/tune

Primary LanguagePythonApache License 2.0Apache-2.0

Transformers performance & evaluation framework

The benchmarking repository provides an easy and flexible testbed to generate, run and save multiple configurations in order to compare Transformers based Neural Network models.

The overall benchmarking project leverages the Hydra framework from Facebook AI & Research which is able to generate all the given sweeps through configurations files. Currently, we provide benchmarks for 5 Deep Learning frameworks among the most used:

  • PyTorch (Eager mode)
  • TorchScript (Static Graph mode)
  • TensorFlow 2 (Eager mode)
  • TensorFlow 2 Graph (Static Graph mode)
  • ONNX Runtime for Inference (Static Graph mode + Graph Optimizations)

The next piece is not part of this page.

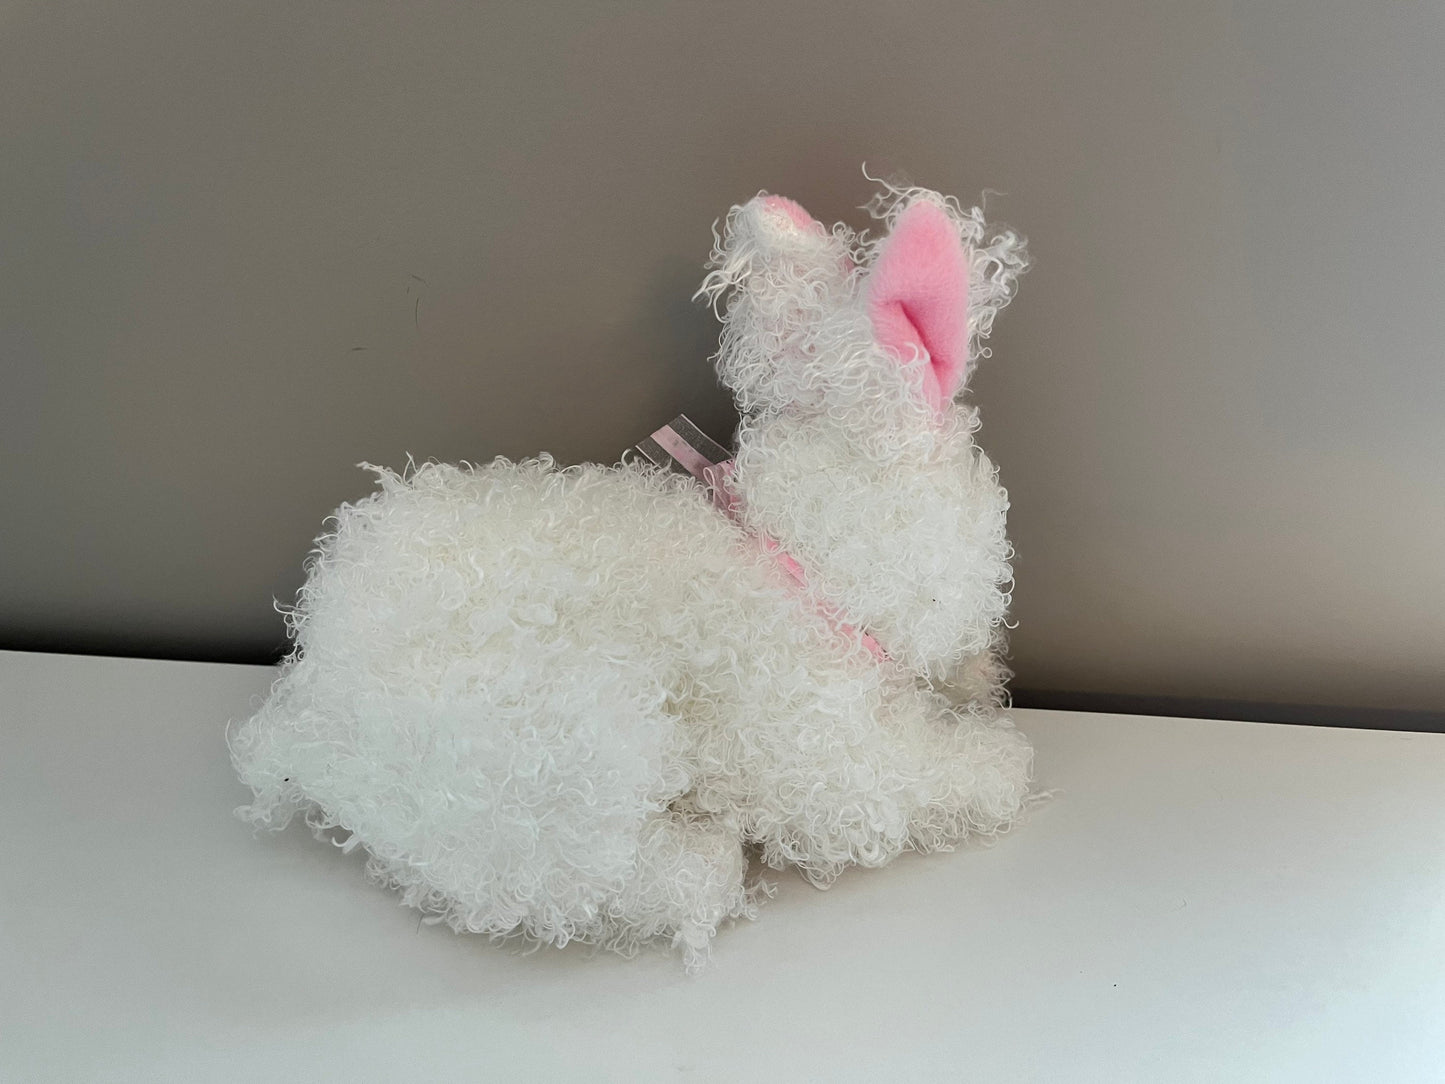 Ty Classics Collection “Presto” the White Bunny Rabbit with Pink Bow (8 inch)

The repository is divided into 2 principal sections:

  • config/ stores all the configuration files for the supported backends.
  • backends/ stores the actual logic to generate textual inputs and execute a forward pass for the targeted backend.

Getting Started

Instructions presented here have been tested on Ubuntu 20.04

apt update && apt -y install python3 python3-pip python3-dev libnuma-dev
cd <repo/path>
pip install -r requirements.txt

Benchmarking framework

How to use this repository to benchmark with a specific configuration

Hydra, the configuration framework used in this project, provides a simple command-line interface to specify and override the configuration to be run.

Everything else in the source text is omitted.